Frank was there when I woke, dancing around the garden, pulling out the saplings that we’d planted in the spring, sending leaves up in eddies that jerked and hurled before they dropped fast, to crash and I thought of the Christmas when my teeth fell out.

All through the night the howling and moaning. Rain smashed the glass, pots scuttled down the drive as you leaned in. You knew my teeth had to go. It was time, you said and I understood. I opened my mouth, a little at first, as you hooked your finger around my gums and wobbled. And then more, more fingers, a thumb in the other side and my mouth ached, the corners of the skin split just enough to catch the salt from your last packet of crisps and they swelled. The cuts puffed out throbbing splinters of white heat, drawing attention to the sides of my face, while you burrowed. And in deeper until I gagged, spitting bits of teeth on to your hoovered carpet, and they crunched up, little pieces of me, little shards, my blistered enamel and I swooned. I wanted to pass out, I wanted the fullness to stop but it didn’t and with your hand inside my mouth you flicked and eased, you twisted them out of my gums.

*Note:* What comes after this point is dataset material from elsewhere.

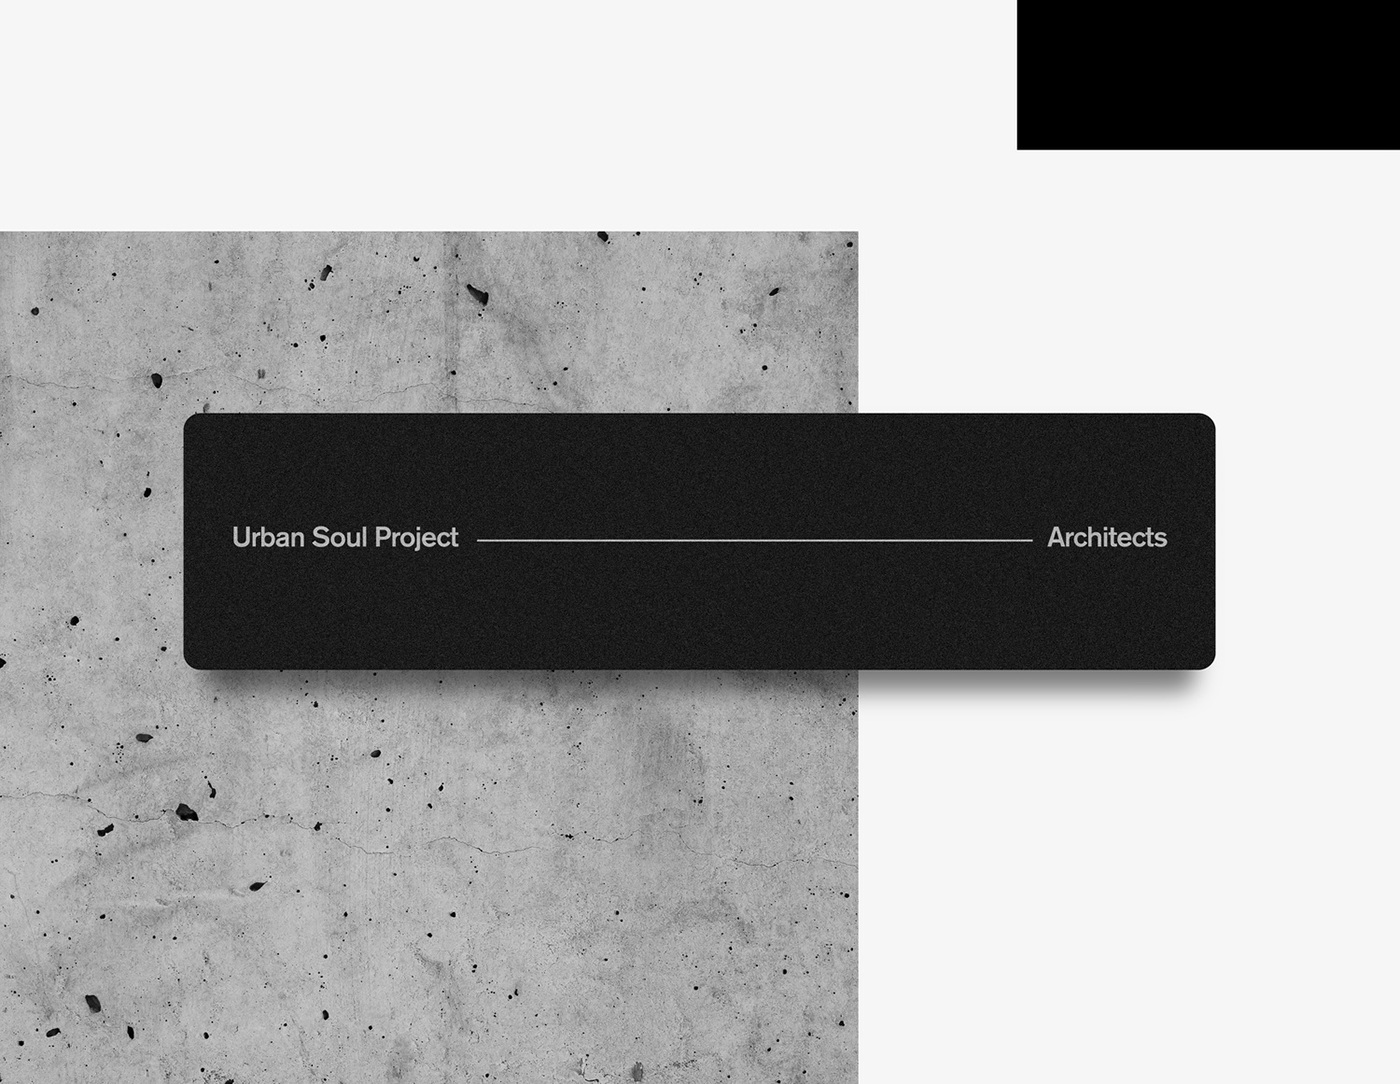 Form avantgarde black and white Corporate Identity visual system

I can see us now, me retching, a slaver of blood that you’d hurry to scrub from the pile and how you looked after your carpets. How the windowsill was gleaming and the cleaning fluids lined up, parading shades of dolly mixtures when the sun came through. But it didn’t shine that day.

Storm Frank peeled the garden, wrenched the nature from this place, as we stood, you smiling, making little towers with my teeth and me, bent double, heaving, wiping saliva off the back of my hand.

My tongue hurt, my mouth sobbed. It was winter and you were so in love with me.